После третьей попытки до меня дозвониться один из пришедших не выдержал:
– Ничего не понимаю. У него же горел свет!
Голос звучал приглушенно и в нем чувствовалось волнение.
Еще звонок…
– Может, он в ванной? – высказал предположение второй. – Голову мылит, а мы тут названиваем.

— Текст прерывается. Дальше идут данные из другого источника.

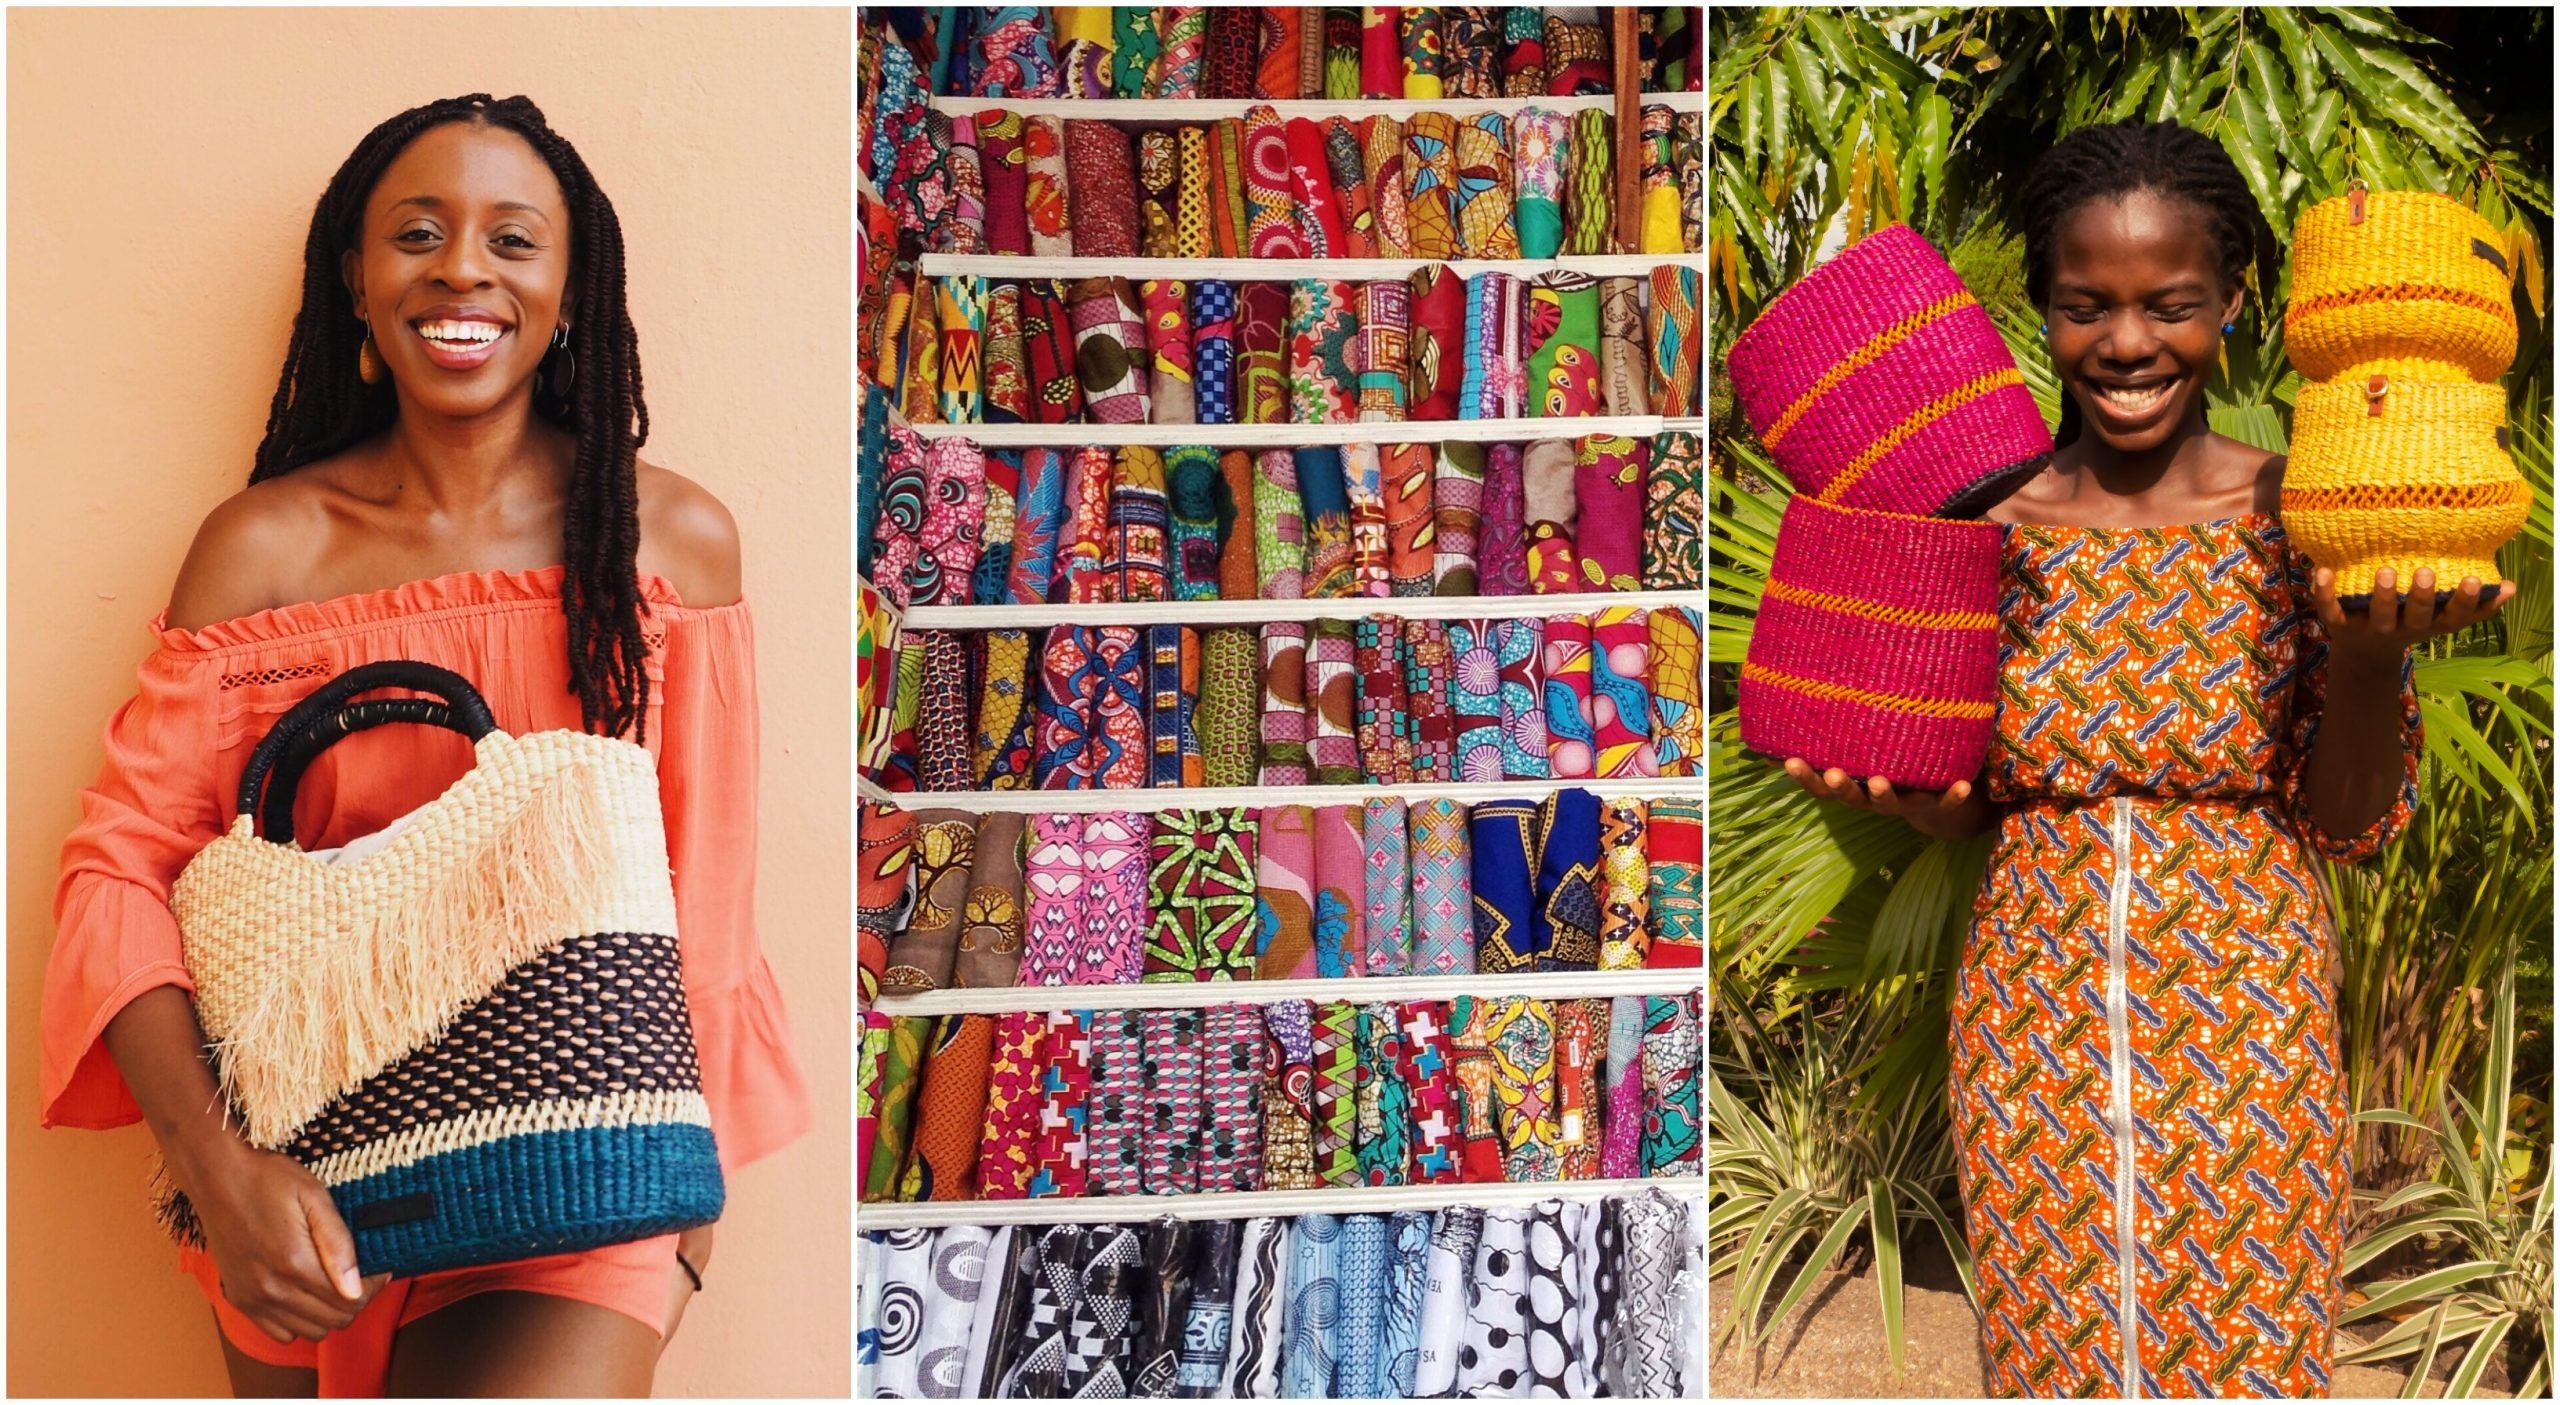 KU graduate's dream of woven bags around the world

Очень хотелось, чтобы они продолжали разговор. Так можно легко определить, из какого «стана» прибыли гости. Если мент станет «ботать по фене», я сразу это определю так же легко, как если бы жулик заговорил без ее применения. И хотя сейчас все органично перемешалось и заимствовалось, и те и другие общаются на одном языке – полуворовском, полугражданском «эсперанто», опытное ухо моментально уловит истинную частоту. Жулик, к примеру, среди мата и сленга никогда не произнесет слов-предателей, типа – «установил». Ему ближе – «прокнокал». И из его уст не услышишь «поехали в адрес». Жулик обязательно произнесет «поехали на хату». Зато я знаю одного опера, который, делясь со мной опытом размена квартиры, в абсолютно неслужебной обстановке «выдал»:
– Знаете, Антон Павлович, я уже сеть хат отработал, и все без толку.

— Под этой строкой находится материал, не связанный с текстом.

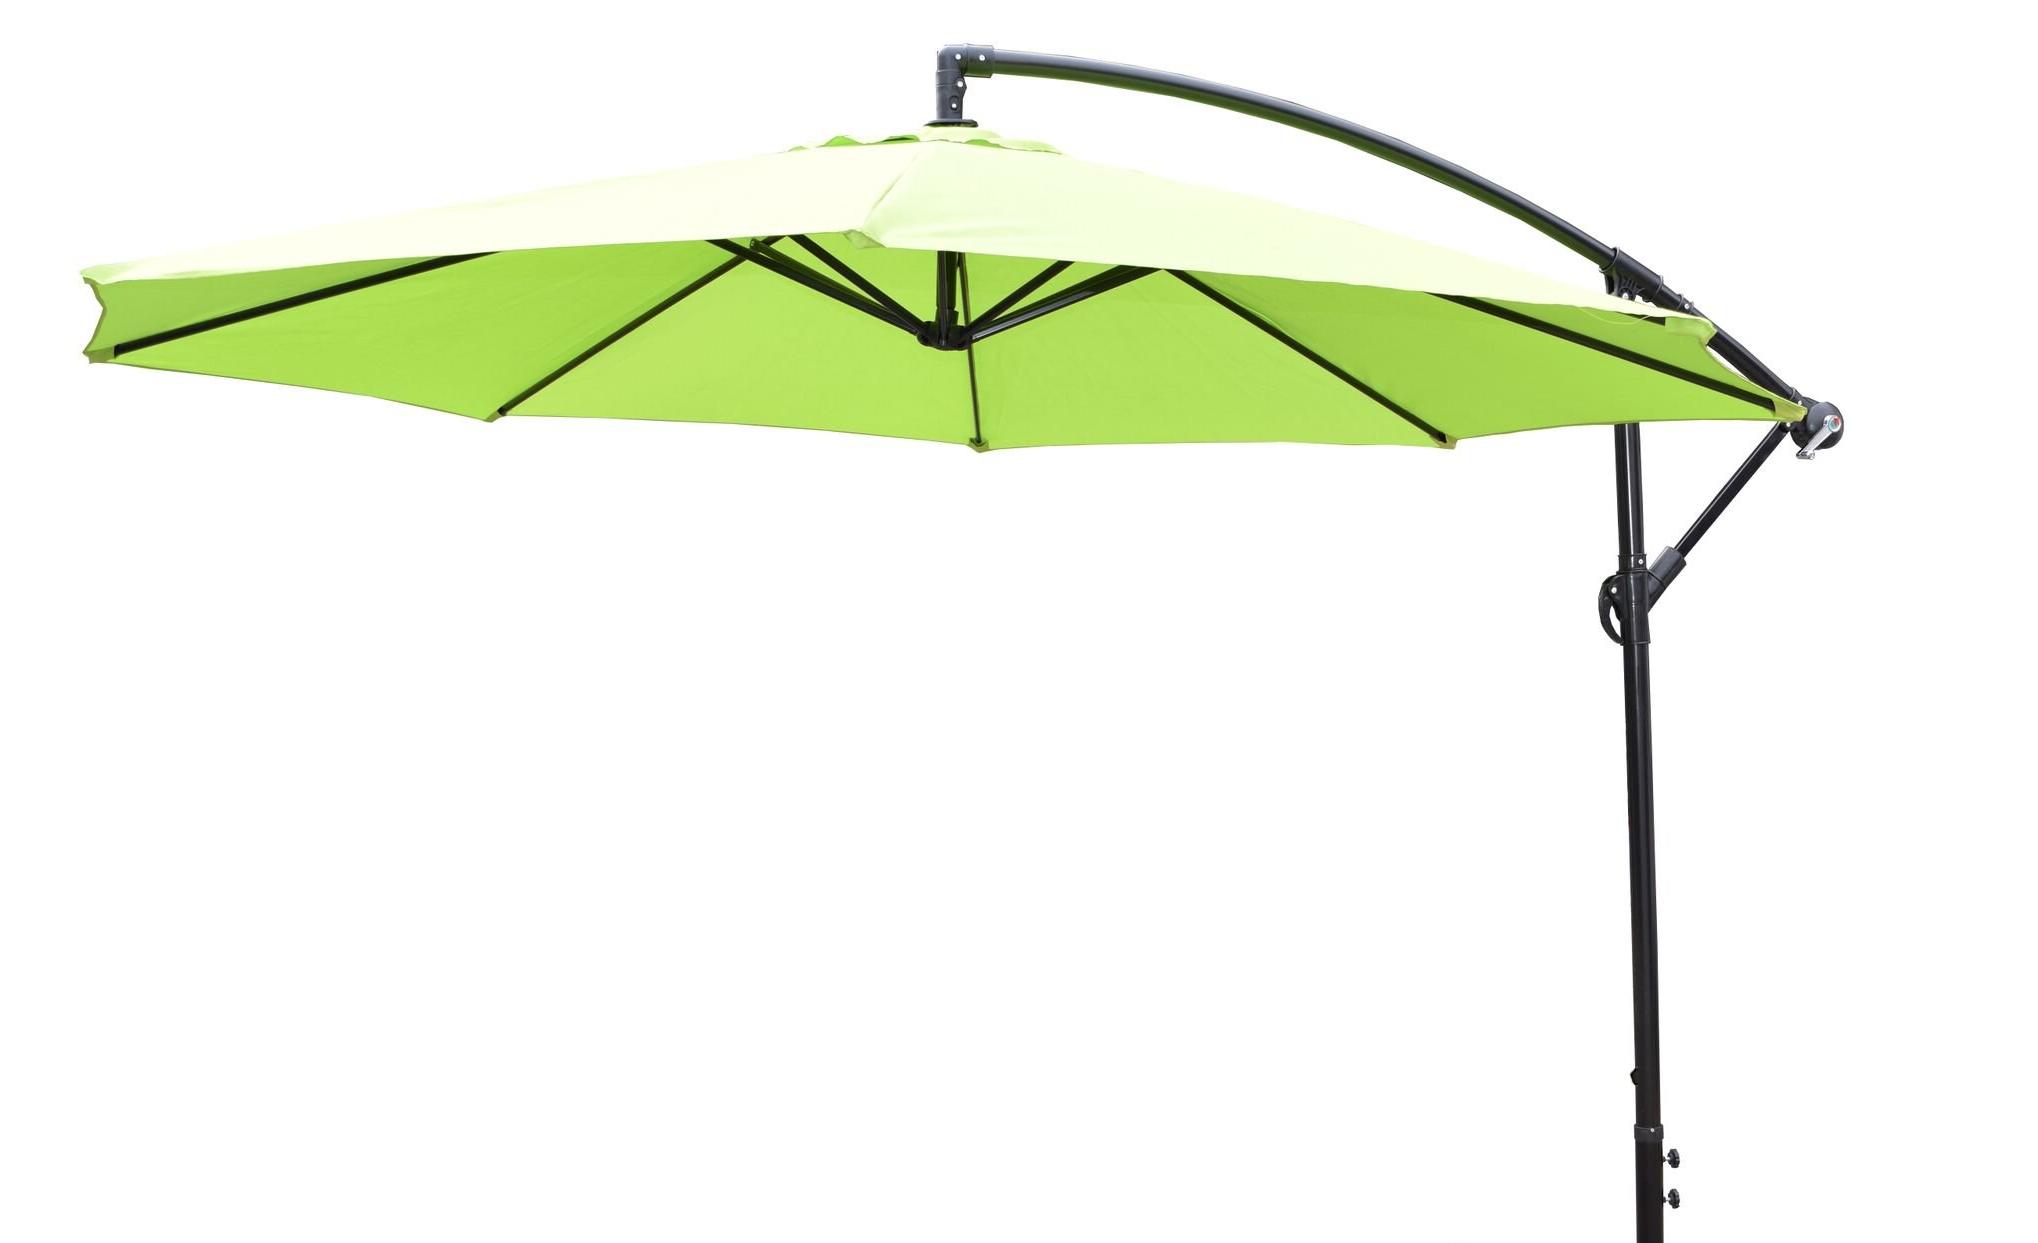 Most Recent Auda 10' Cantilever Umbrella With Olen Cantilever Umbrellas (Gallery 8 of 20)

Опера, внедряемые в преступные сообщества, прокалываются практически всегда не из-за того, что кто-то из «новых друзей» подслушал, как в фильмах, его телефонный разговор, а именно из-за своего либо слишком акцентированного, либо недостаточно ориентированного «базара».

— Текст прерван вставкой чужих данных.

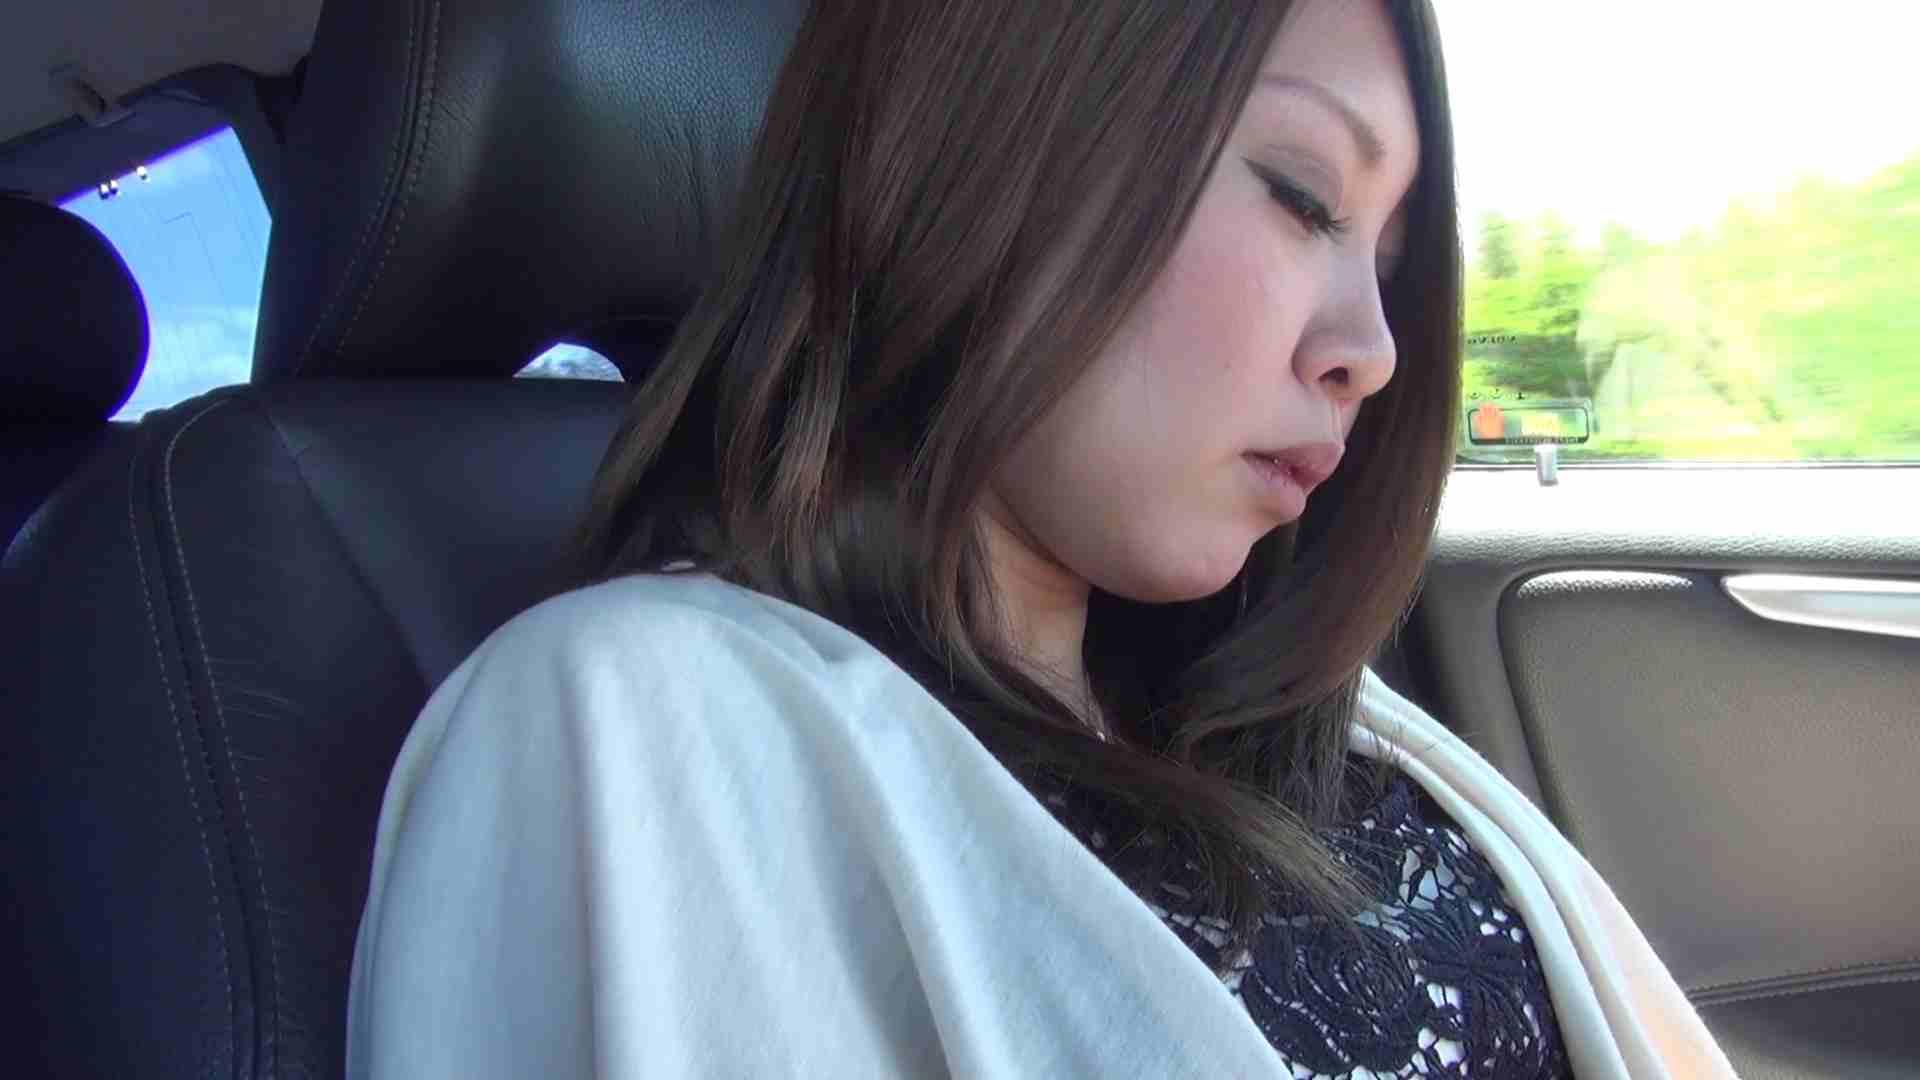 episode6 ドライブ中に・・・妻に強せいオナニー オナニー  106pic 38

Моя левая нога уже стала затекать, как я услышал еще один вариант, почему я не открываю дверь:
– Может, судила бабу «пашет»?
Теперь осталось только одно – догадаться, по чьему повелению на законспирированную оперскую квартиру прибыли «отморозки». С этим было бы легче, если бы среди присутствующих находились Альберт Наумович и Максим Егорович. Но они либо были не при делах, либо проходили курс психиатрической реабилитации на дому.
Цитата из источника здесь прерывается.